Recent reports detailed TSMC’s decision to exit the solar manufacturing business. Another thin-film company gone.

What happened to all the thin film hoopla when First Solar was the world’s No. 1 solar company a few years ago? First Solar was the first to $1.00 per watt, first with 1 gigawatt of production, and the first to costs of $0.90 per watt, $0.80 per watt, $0.70 per watt, $0.60 per watt -- you get the idea. At that time, forecasts almost unanimously proclaimed that thin film was the future of solar.

So what happened? Were we all wrong? The answer is no.

The slide below shows what happened. This is the famous solar industry learning curve (our version of Moore’s law), but with one twist: it breaks out thin film versus silicon technology and shows cost versus total cumulative production.

What is really clear is that at every level of production, thin film is significantly cheaper than silicon. So how did silicon solar producers succeed at pushing so many thin film companies, including TSMC, out of the business? The answer is simple: they just added 40 gigawatts (or more) of capacity and relentlessly drove silicon costs down the volume curve. Thin film couldn’t catch up.

But what if someone just did for thin film what China did for silicon? What if someone drove thin-film costs relentlessly down the volume curve to beat China at its own game, but with a far superior technology? This is what TSMC wasn’t able to do. The company chose the right material with CIGS, but it licensed a decade-old technology from Stion that is slow and expensive. Developed in the old megawatt era of solar, this technology was just not able to scale as needed in today’s gigawatt market. TSMC’s own explanation agrees with this, stating its “lack of economies of scale led to a substantial cost disadvantage.”

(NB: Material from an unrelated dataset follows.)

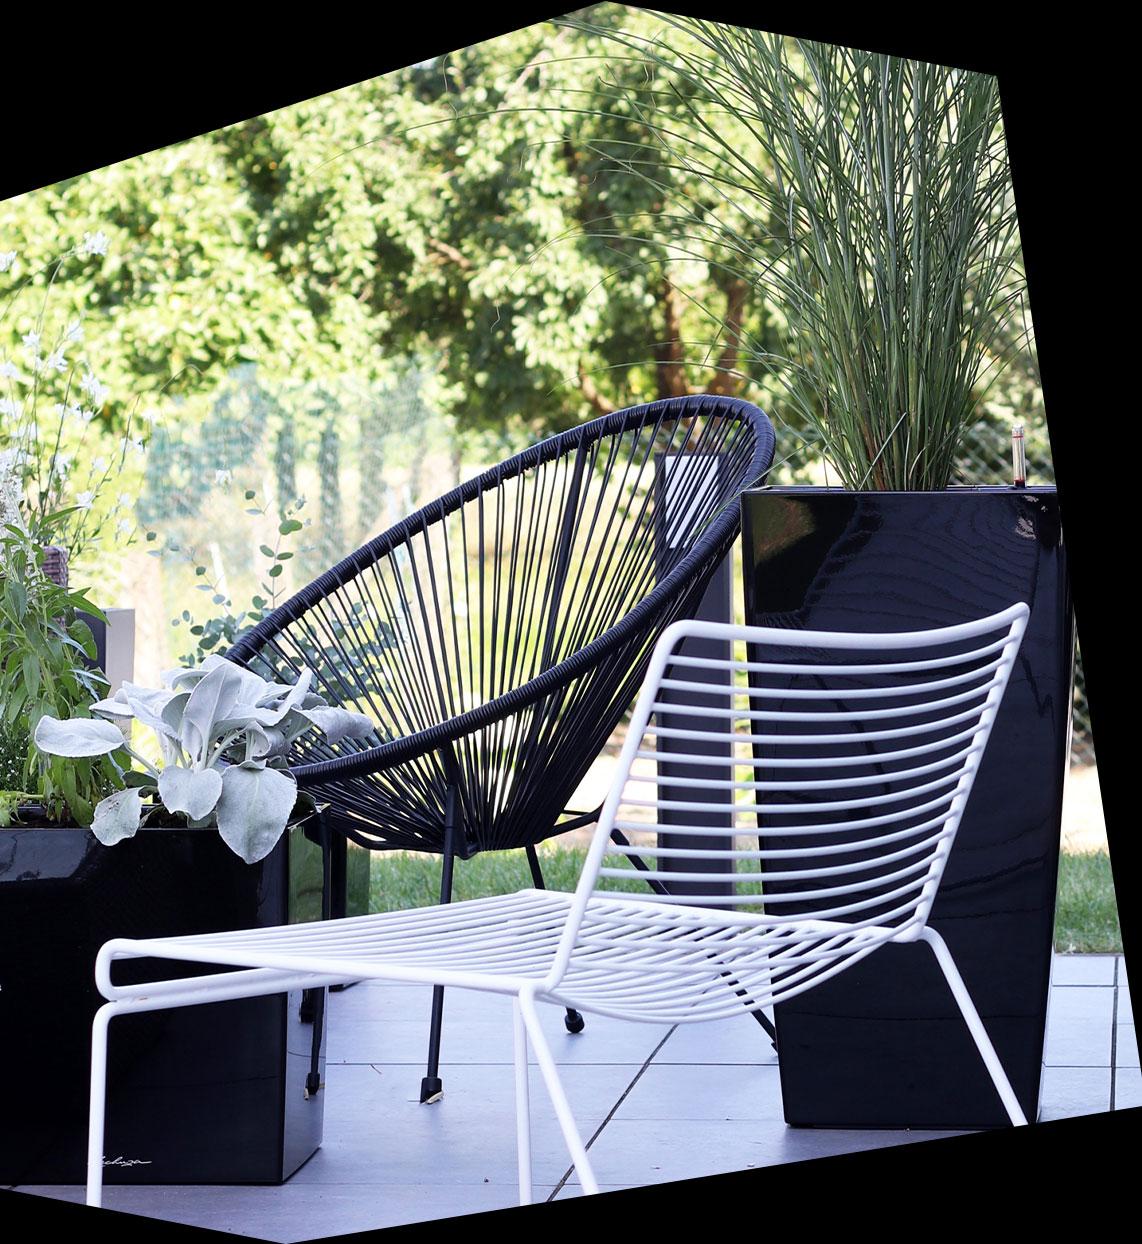 Fioriera nera lucida CUBICO e CUBE su una terrazza con mobili bianchi e neri in acciaio tubolare

So what is needed for thin film to meet its cost leadership destiny? It’s clear: massive scaling. The industry, the government, or some company needs to invest in a thin-film technology developed for the current gigawatt era of solar. Unfortunately, most thin-film companies (nearly 100 percent) have developed small-scale pilot lines of 20 megawatts to 40 megawatts in capacity, lacking the proper economy of scale.

The only thing the companies can prove with these pilot lines is that they are not economical. Unfortunately, most of the companies on GTM’s famous list of deceased solar companies have proven just that.  

To compete with the substantial lead that silicon has developed, we should be thinking about a pilot line with 10 times the capacity of current pilot lines -- 200 megawatts to 400 megawatts is appropriate. Detailed economic cost models show that such a pilot line could achieve module costs between $0.25 and 0.35 per watt (depending on location and other conditions). If the thin film industry could rally around and execute such a concept, earlier predictions of thin film’s ascendency could come true. We just have to do what TSMC Solar didn’t do: achieve scale.